AL.,1995]. Cette procédure est d’autant plus facile que les logiciels informatiques et les instructions de reprogrammation des téléphones portables sont disponibles sur le réseau informatique Internet

4 infra : 2.3.8. Influence du locuteur

[GAURA, 1994 IN : NATARAJAN ET AL.,1995]. Comme contre-mesure, NATARAJAN mentionne la mise en place de systèmes sommaires d’identification de locuteurs capables de détecter la présence d’une voix inhabituelle, mais l’efficacité de cette méthode n’est pas connue [NATARAJAN ET AL.,

1995].

La sécurité devrait être améliorée par la technologie de cryptage numérique et par celle qui consiste à modifier les codes d’identification à chaque appel (tumbling).
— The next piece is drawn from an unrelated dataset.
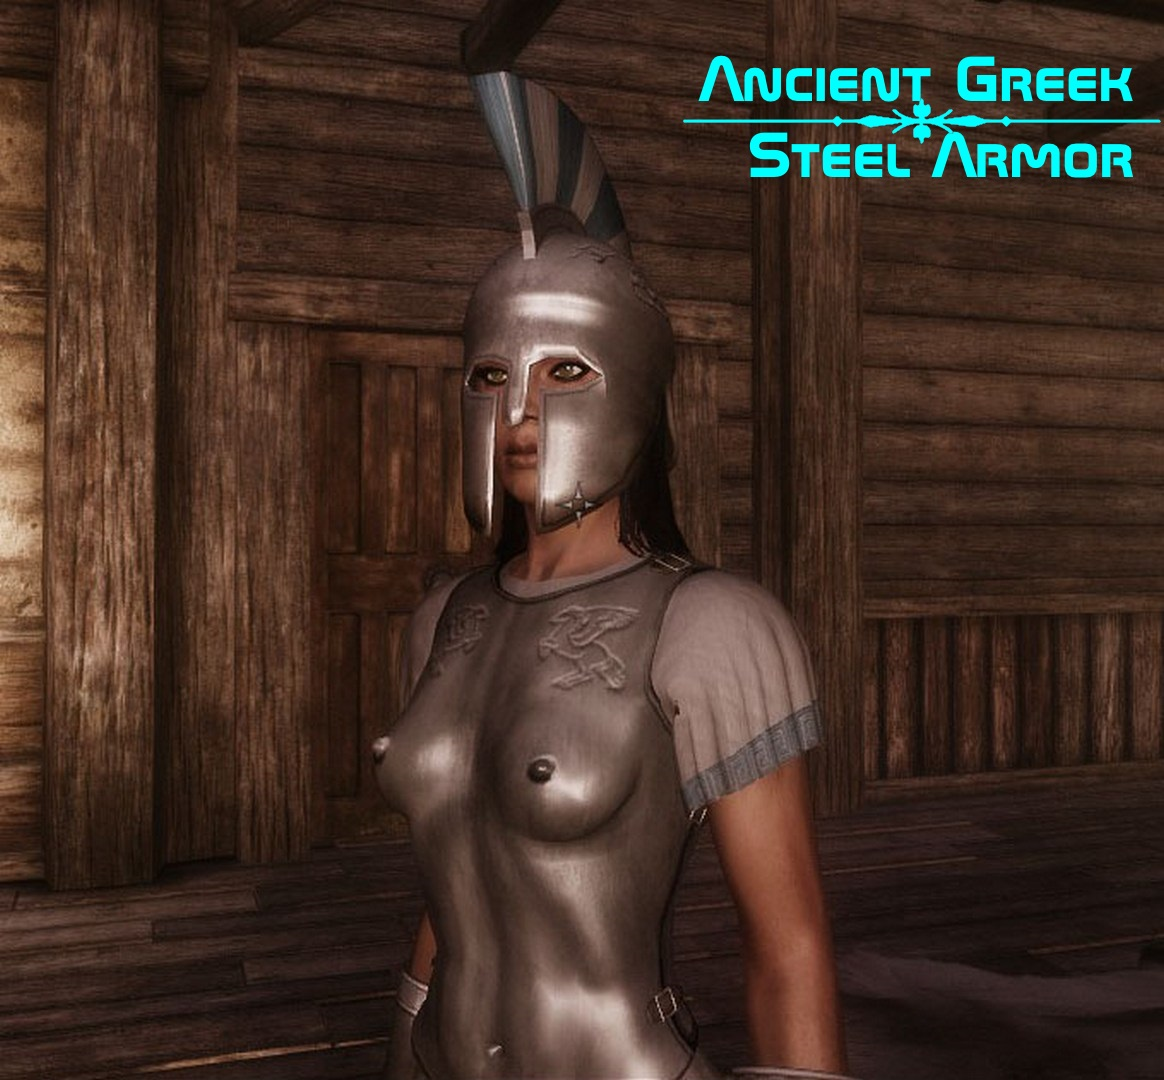 Ancient_Greek_Steel_Armor_00.jpg

Par contre, ces mesures devraient rendre très difficile, voire impossible, l’écoute téléphonique de communications et l’identification d’appareils équipés de ce système [DE MARIA, 1994].

Finalement, l’arrivée sur le marché d’appareils téléphoniques portables dotés de méthodes cryptographiques robustes (strong encryption) du signal de parole rend obsolète l’art. 7 al. 2 de l’ordonnance sur le service de surveillance de la correspondance postale et des télécommunications du 1er décembre 1997 6. Celle-ci stipule que :

« les fournisseurs de service de télécommunication fournissent dans les meilleurs délais les relevés de service demandés et transmettent si possible en temps réel les communications de la personne surveillée. Ils suppriment les cryptages ».

Cette dernière phrase n'est pas satisfaisante, puisqu'elle n'est pas applicable dans les faits. En effet, c’est le constructeur du matériel qui est à l’origine de la mise à disposition de la technologie de cryptage et non le prestataire de services de télécommunication, et comme aucun moyen technique ne permet de supprimer ce cryptage, la surveillance téléphonique devient parfaitement impossible. Cette disposition risque même d'être contre-productive, en laissant croire aux autorités suisses chargées de la répression des infractions que les problèmes liés au décryptage et au déchiffrement des méthodes cryptographiques robustes sont maîtrisés et résolus, alors qu'il n'en est rien [MEUWLY, 1999].